Капитан бросил взгляд в угол комнаты, где стоял ящик, из-за которого, в сущности, все и случилось. Володя тоже глянул туда — две верхние планки были оторваны от ящика и лежали сверху, поблескивая остриями гвоздей.
— Идем дальше, — буднично продолжал капитан. — Ящик с метизами, обнаруженный в номере гостиницы, где проживал арестованный Сидельников. При вскрытии в ящике оказалось: целей режущих для бензомоторной пилы «Дружба» — десять штук; гвоздей — около тридцати килограммов…
— Каких гвоздей? — вырвалось у Володи.
Козюбин непонимающе таращил глаза, переводя взгляд то на Сидельникова, то на капитана.

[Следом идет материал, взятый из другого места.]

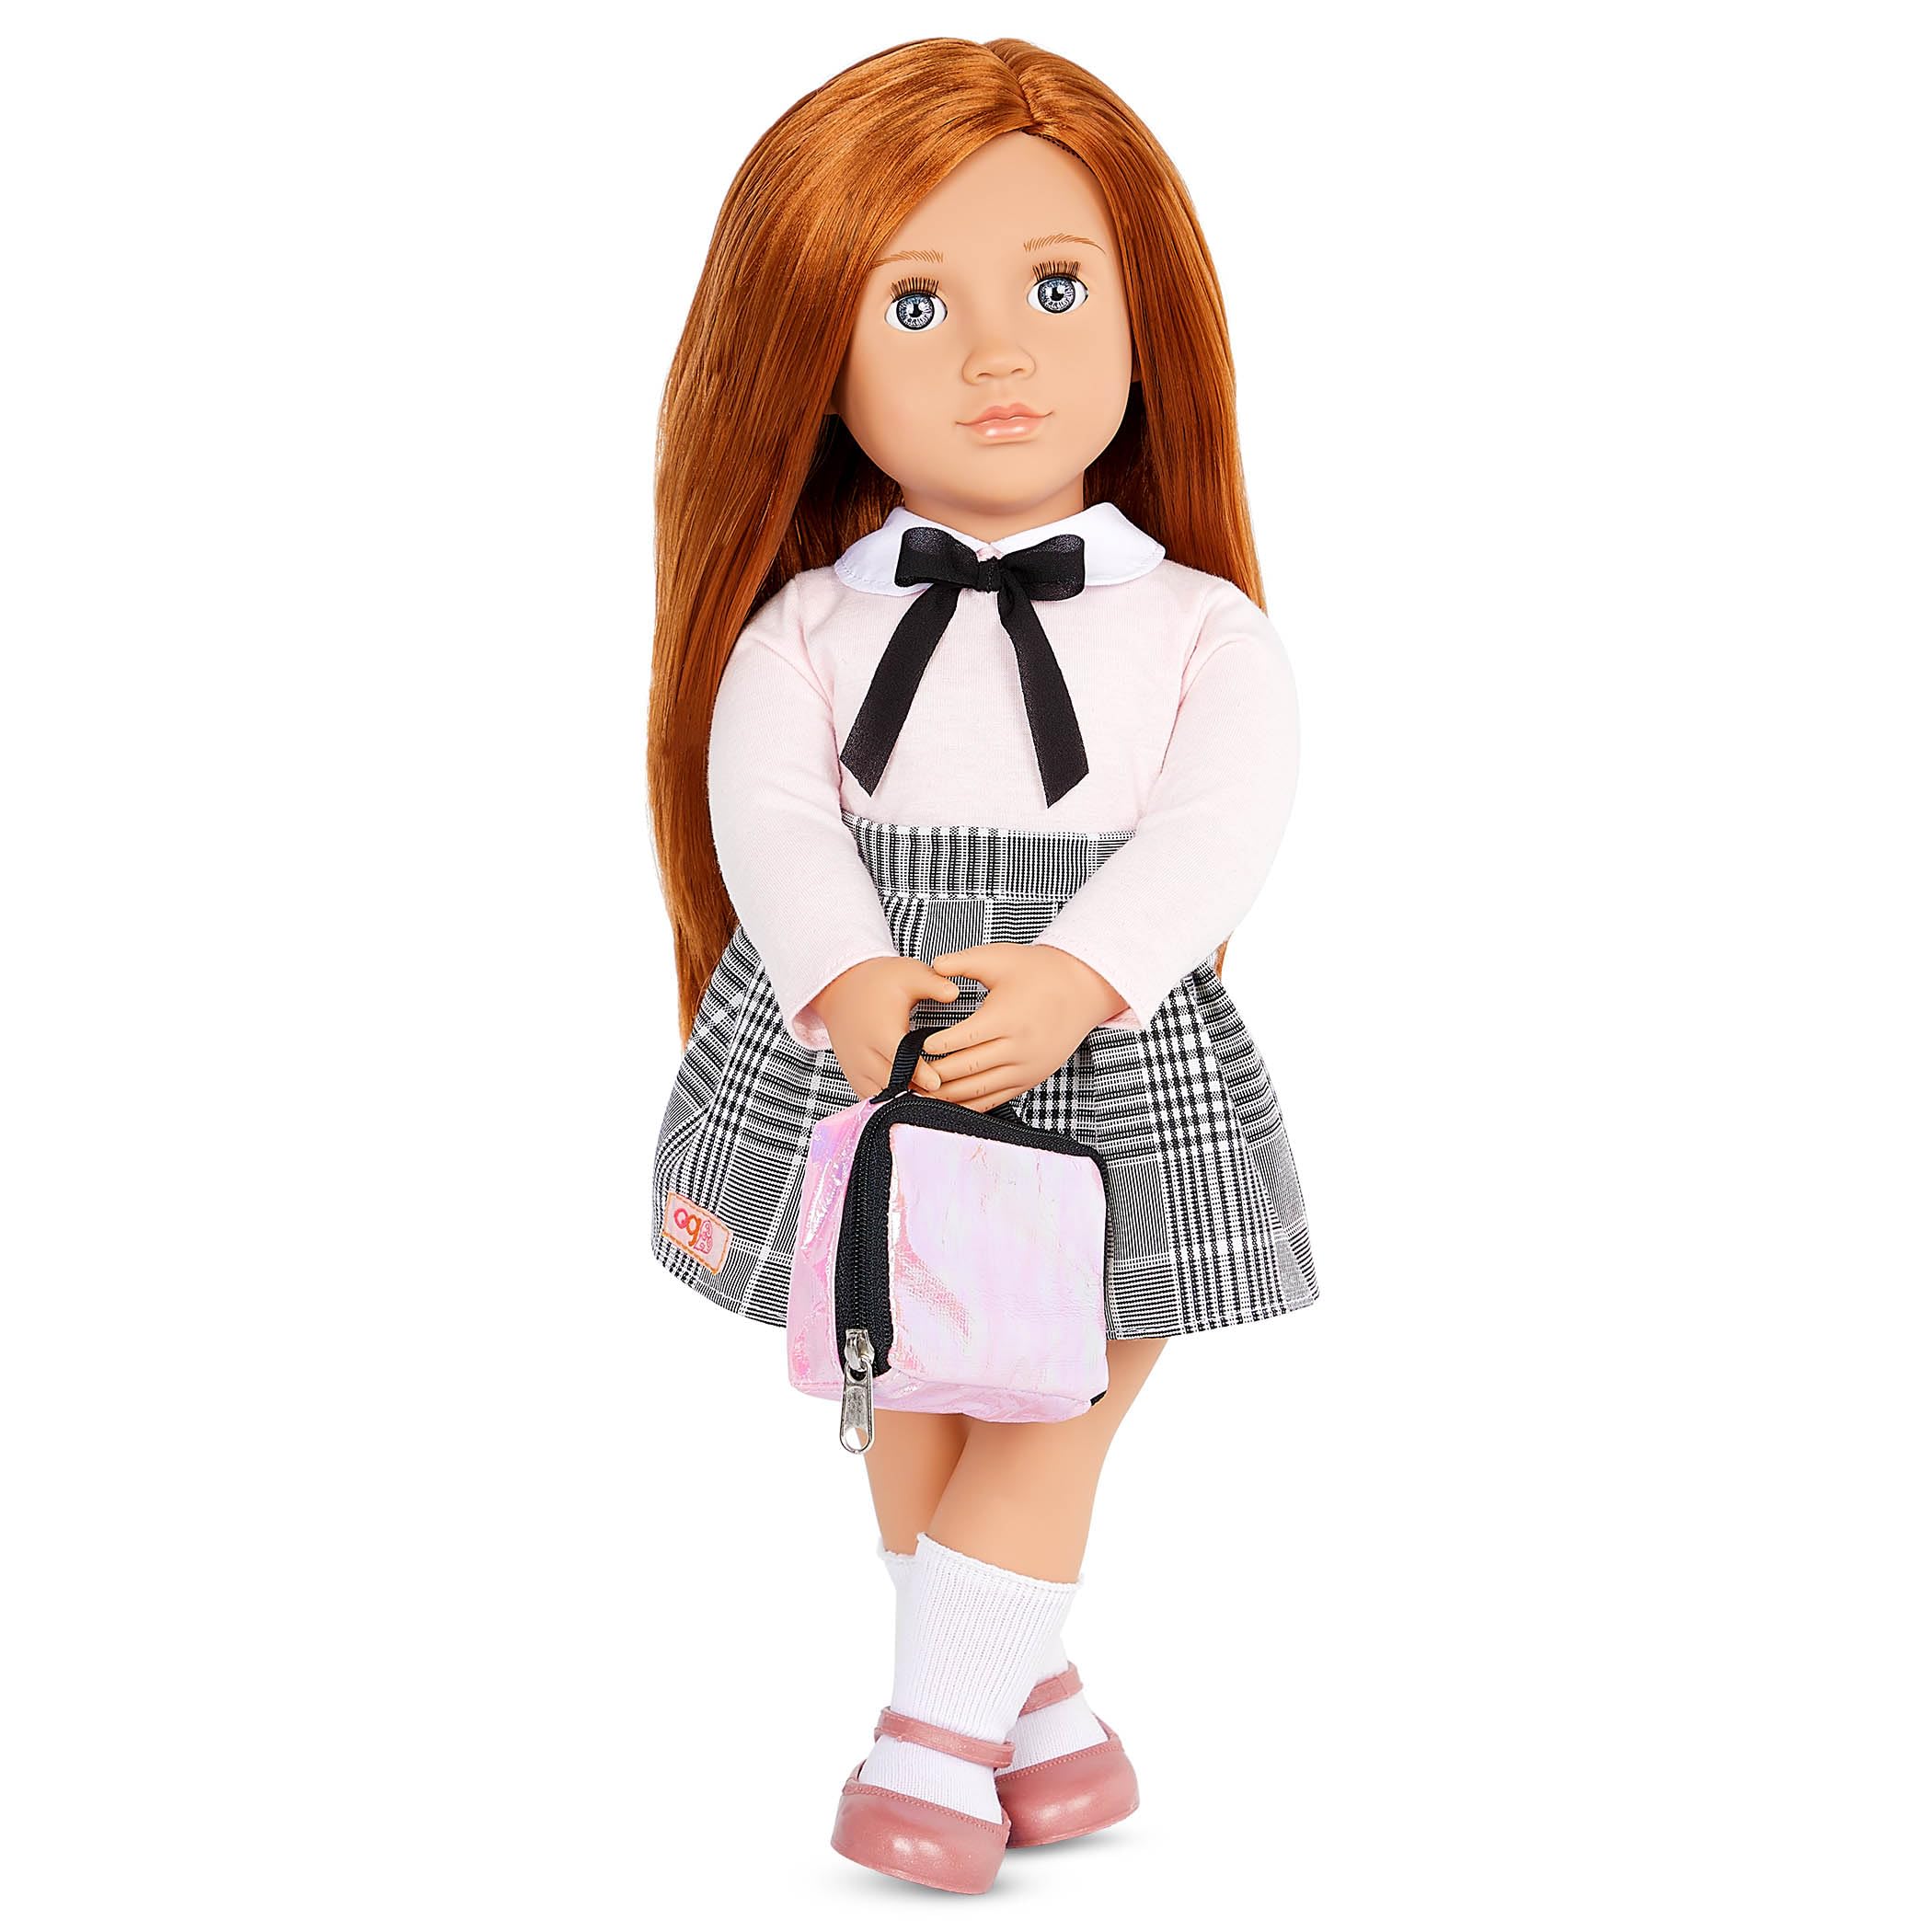 Our Generation Schülerin Puppe Carly - Bewegliche 46 cm Puppe mit Kleidung und Zubehör - rosa Pullover, Rock und Kniestrümpfe- Spielzeug ab 3 Jahren

— Это вам, гражданин Сидельников, лучше знать, каких… По-моему, есть «сотка», есть «восьмидесятка», даже «двухсотка» попадается. Мы их не сортировали, не взвешивали, определили на глазок…
— Понятно, — процедил Володя, скрипнув зубами.
— Что понятно? — насторожился капитан. — Вы с чем-то не согласны? Претензии выкладывайте сразу.
— Согласен. — Володя отвел взгляд. Впервые за много лет ему захотелось разреветься как маленькому.
— Ты говори, говори, если что не так, — посоветовал Козюбин, уловив неладное. Но, взглянув на Володю, осекся, не стал настаивать.
— Тогда все, — сказал капитан, вставая. — Забирайте свое имущество. Мы с вами в расчете. Здесь поставьте подпись. — Официальная часть была закончена, и потому, видимо, милиционер позволил себе дать Володе частный совет, дружеский. Он даже перешел на «ты». — Постарайся, товарищ Сидельников, встречаться с работниками нашего учреждения только на праздничных вечерах по случаю Дня милиции…
Володя промолчал. Он повернул вниз гвоздями оторванные от ящика планки и пристукнул их каблуками сильно поблекших югославских ботинок, взвалил ящик на плечо, пошел к выходу. Козюбин следом нес его чемодан.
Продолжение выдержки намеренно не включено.